## Task description
Only the lines from the line with "Notes On The" through the end of the records belong in your reply, copied exactly, with every picture left out.

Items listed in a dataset
= = = = = = =
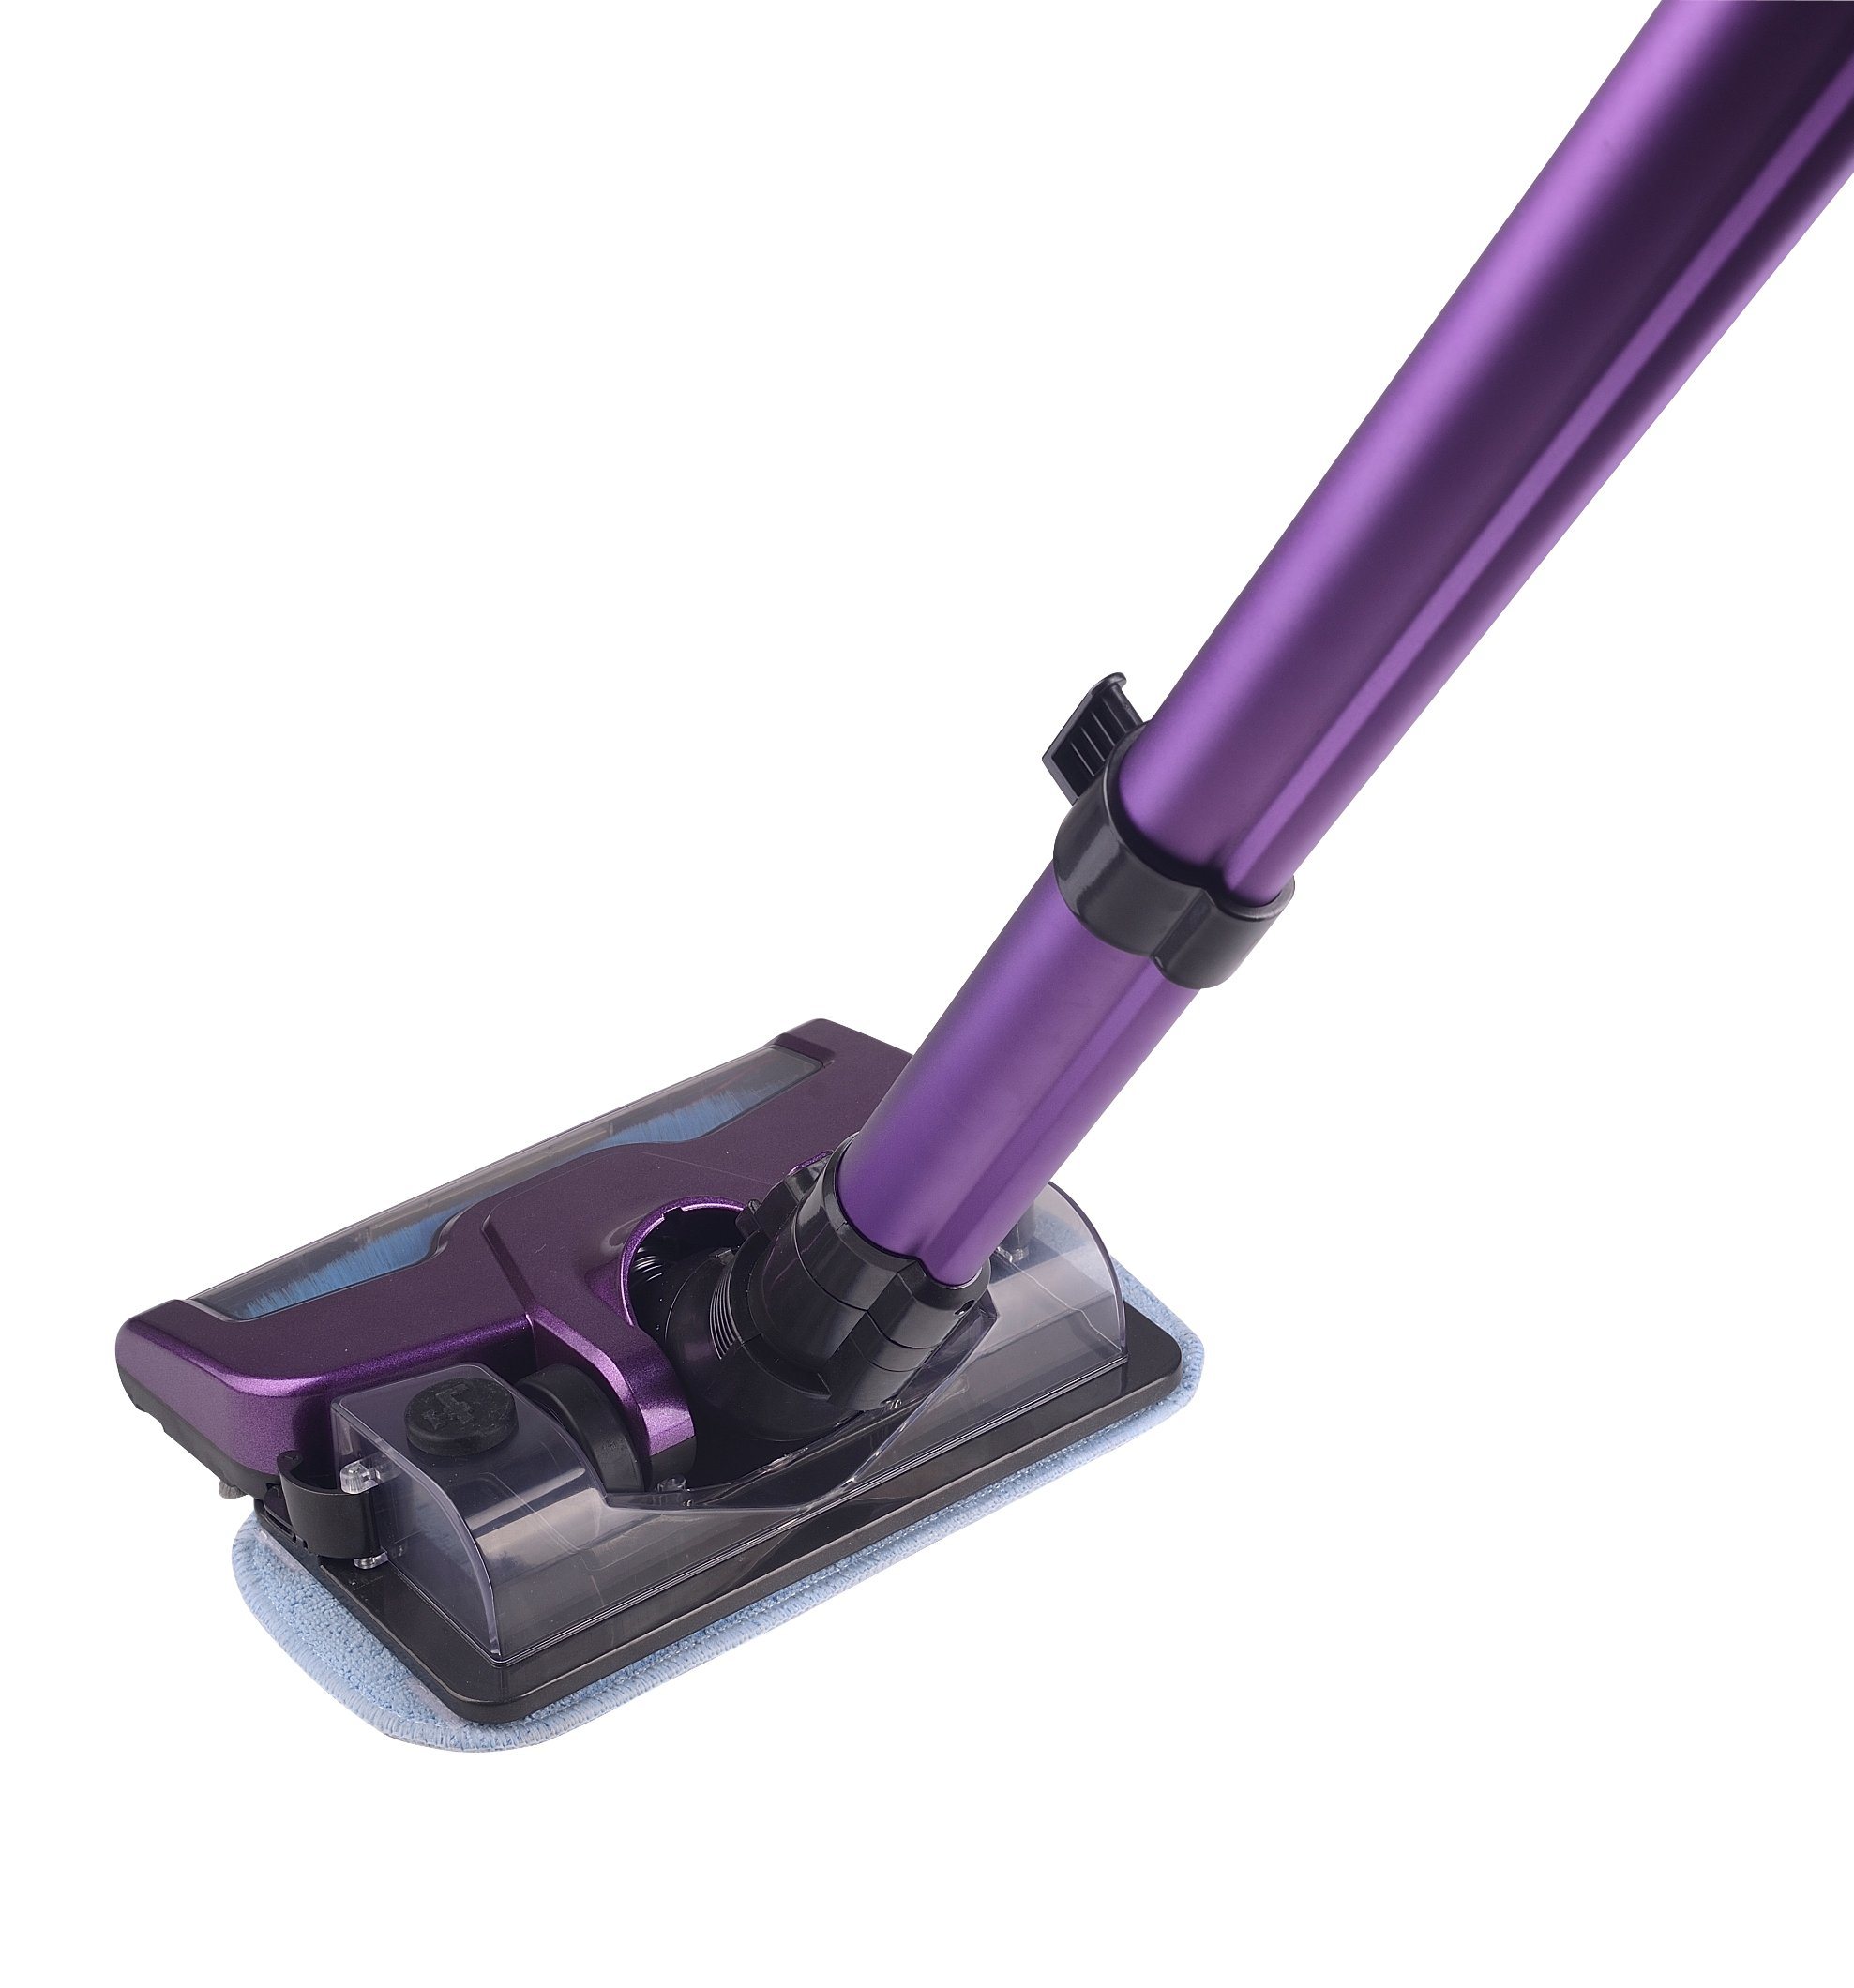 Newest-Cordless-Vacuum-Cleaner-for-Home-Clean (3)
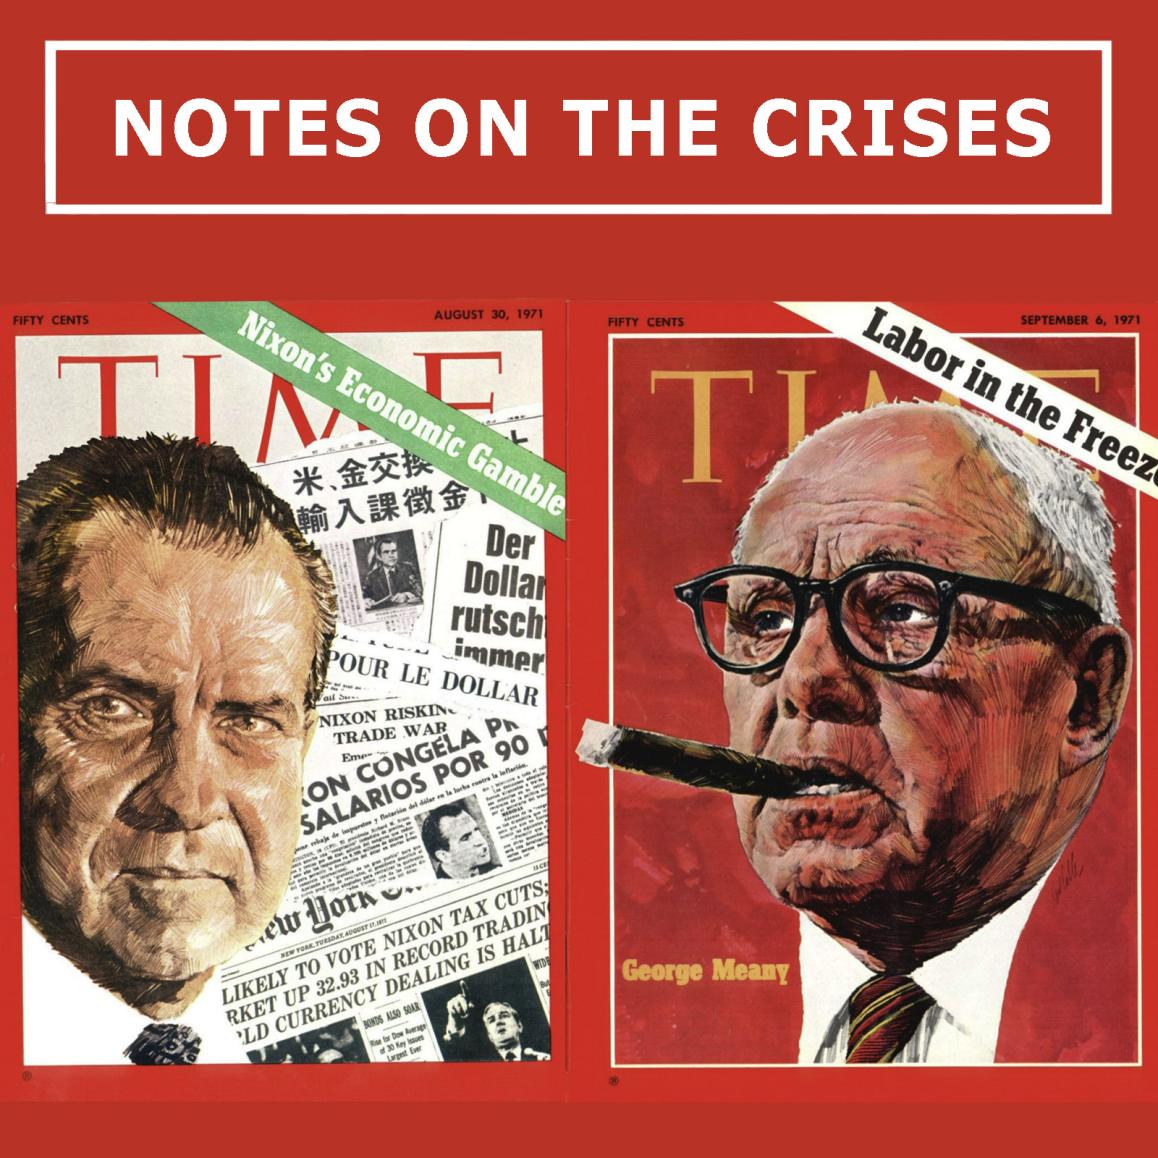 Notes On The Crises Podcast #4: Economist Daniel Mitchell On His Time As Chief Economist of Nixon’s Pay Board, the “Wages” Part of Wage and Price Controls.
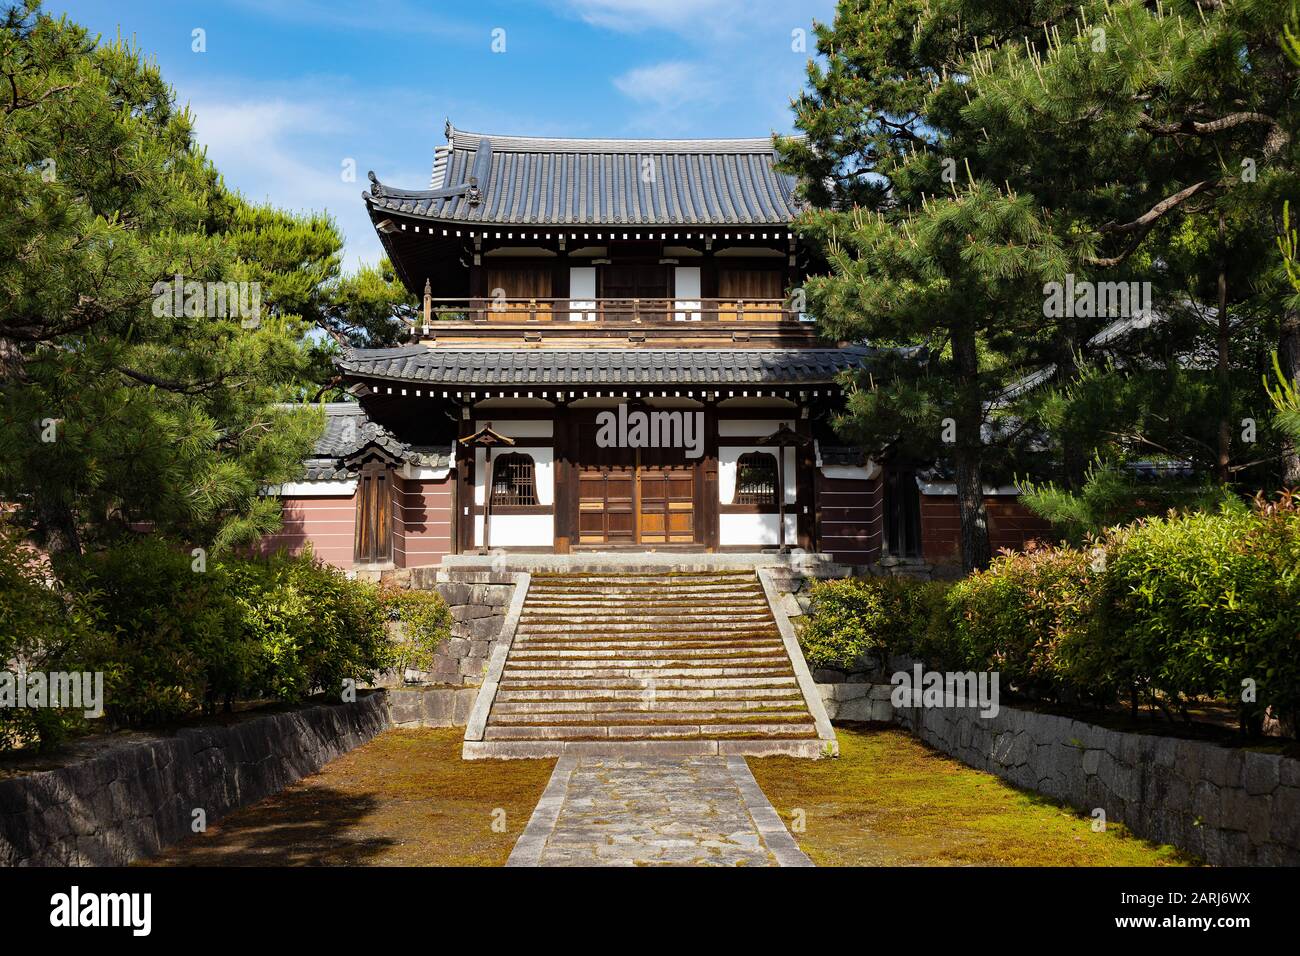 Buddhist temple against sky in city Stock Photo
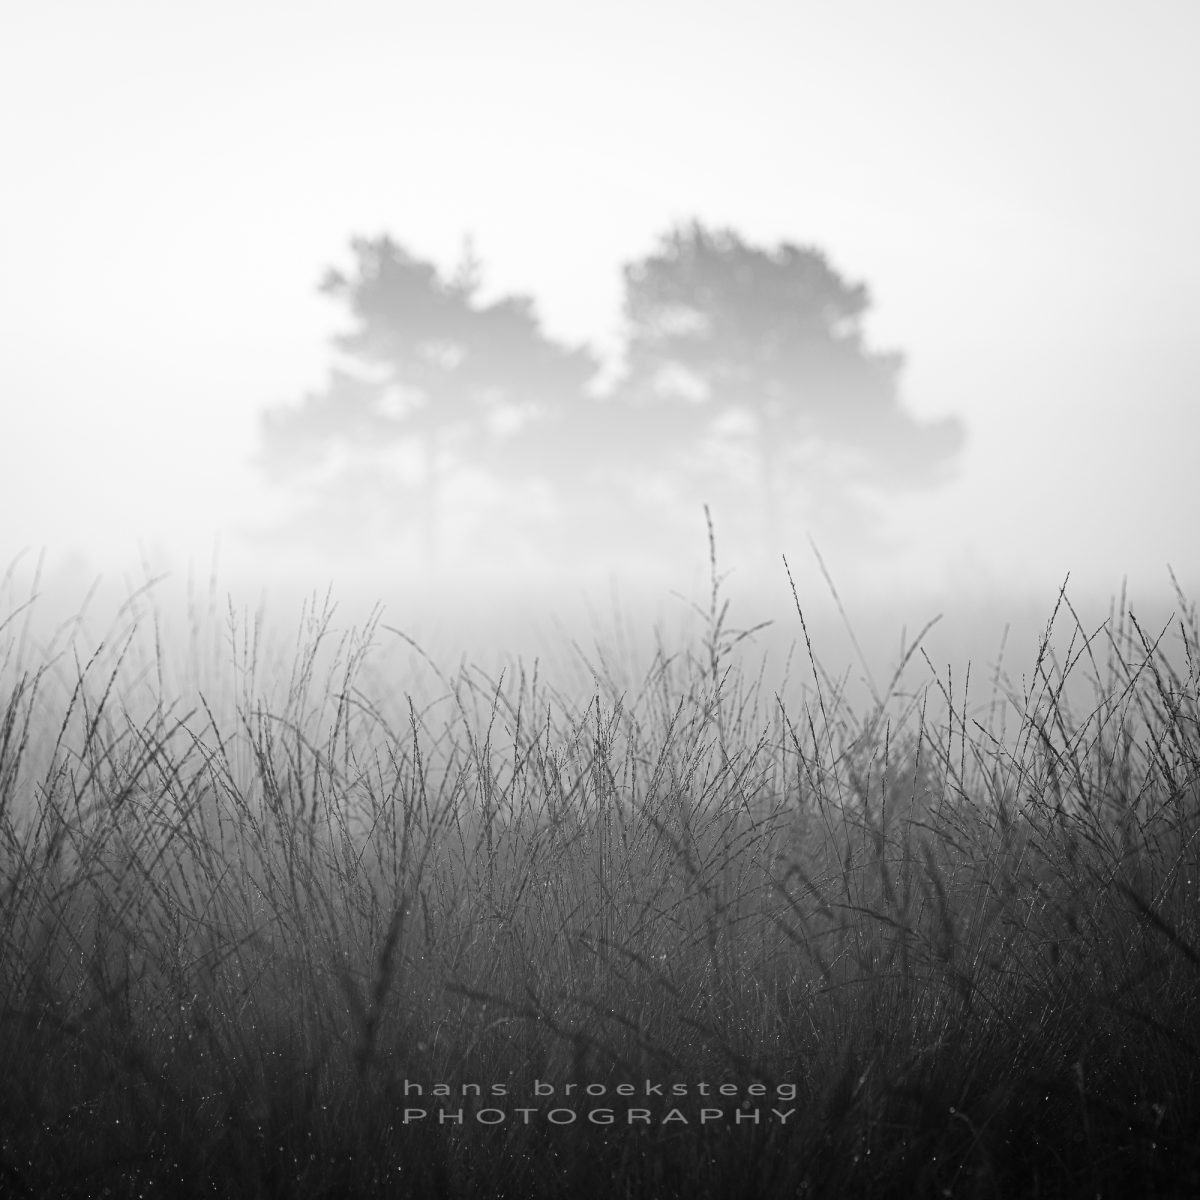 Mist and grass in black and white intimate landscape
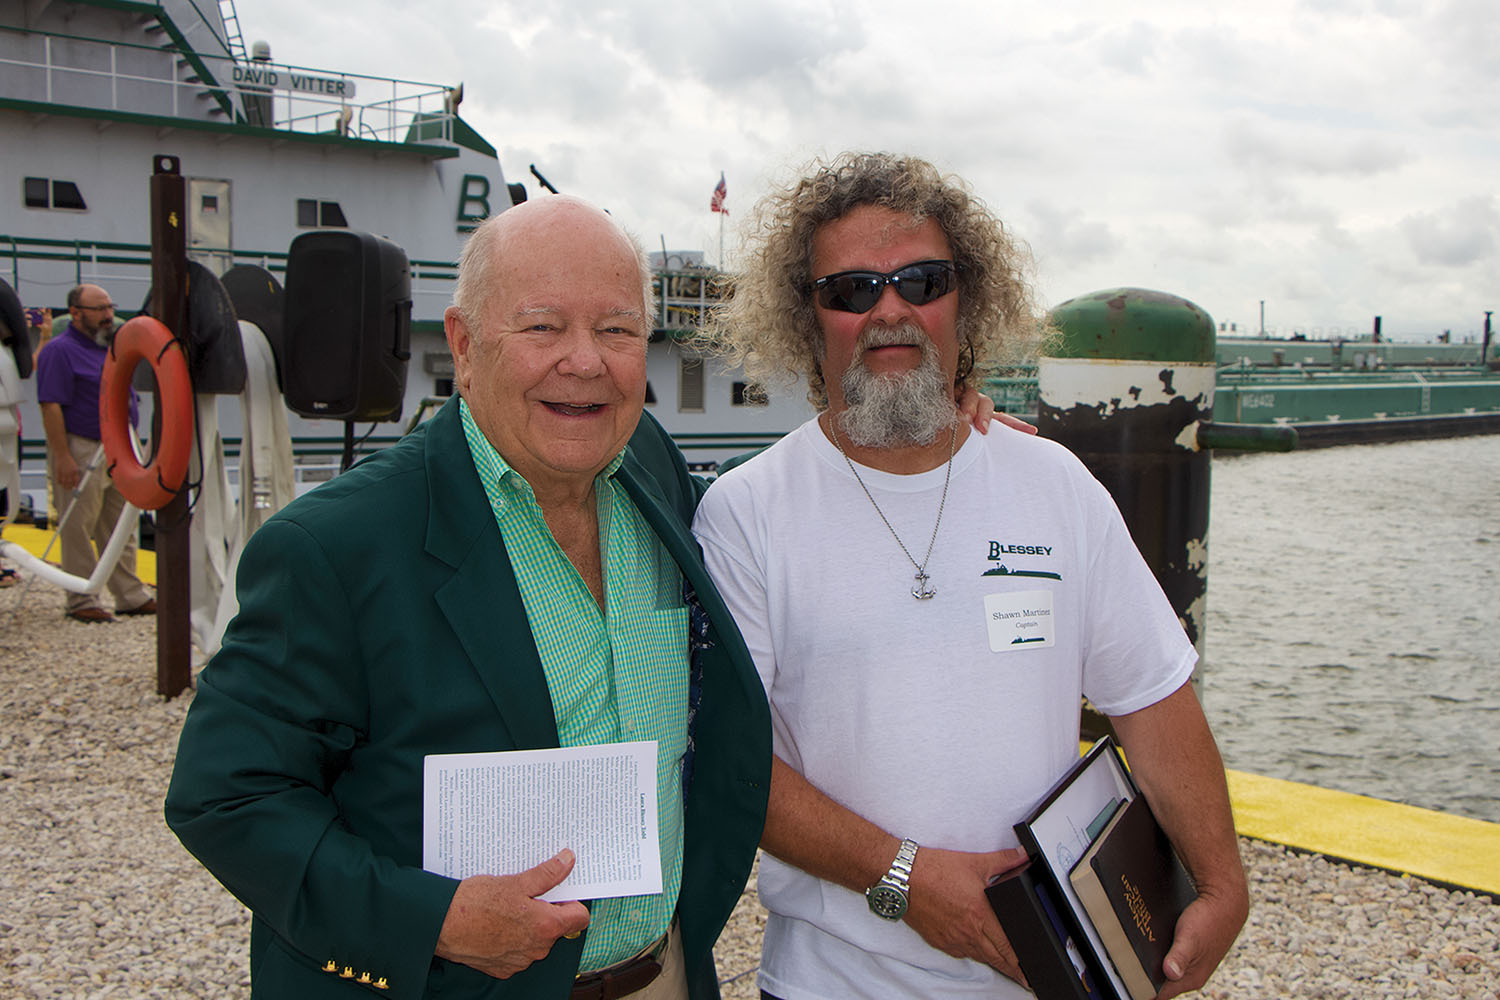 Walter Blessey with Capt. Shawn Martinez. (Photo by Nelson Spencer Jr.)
= = = = = = =
## Solved problem
 Notes On The Crises Podcast #4: Economist Daniel Mitchell On His Time As Chief Economist of Nixon’s Pay Board, the “Wages” Part of Wage and Price Controls.
 Buddhist temple against sky in city Stock Photo
 Mist and grass in black and white intimate landscape
 Walter Blessey with Capt. Shawn Martinez. (Photo by Nelson Spencer Jr.)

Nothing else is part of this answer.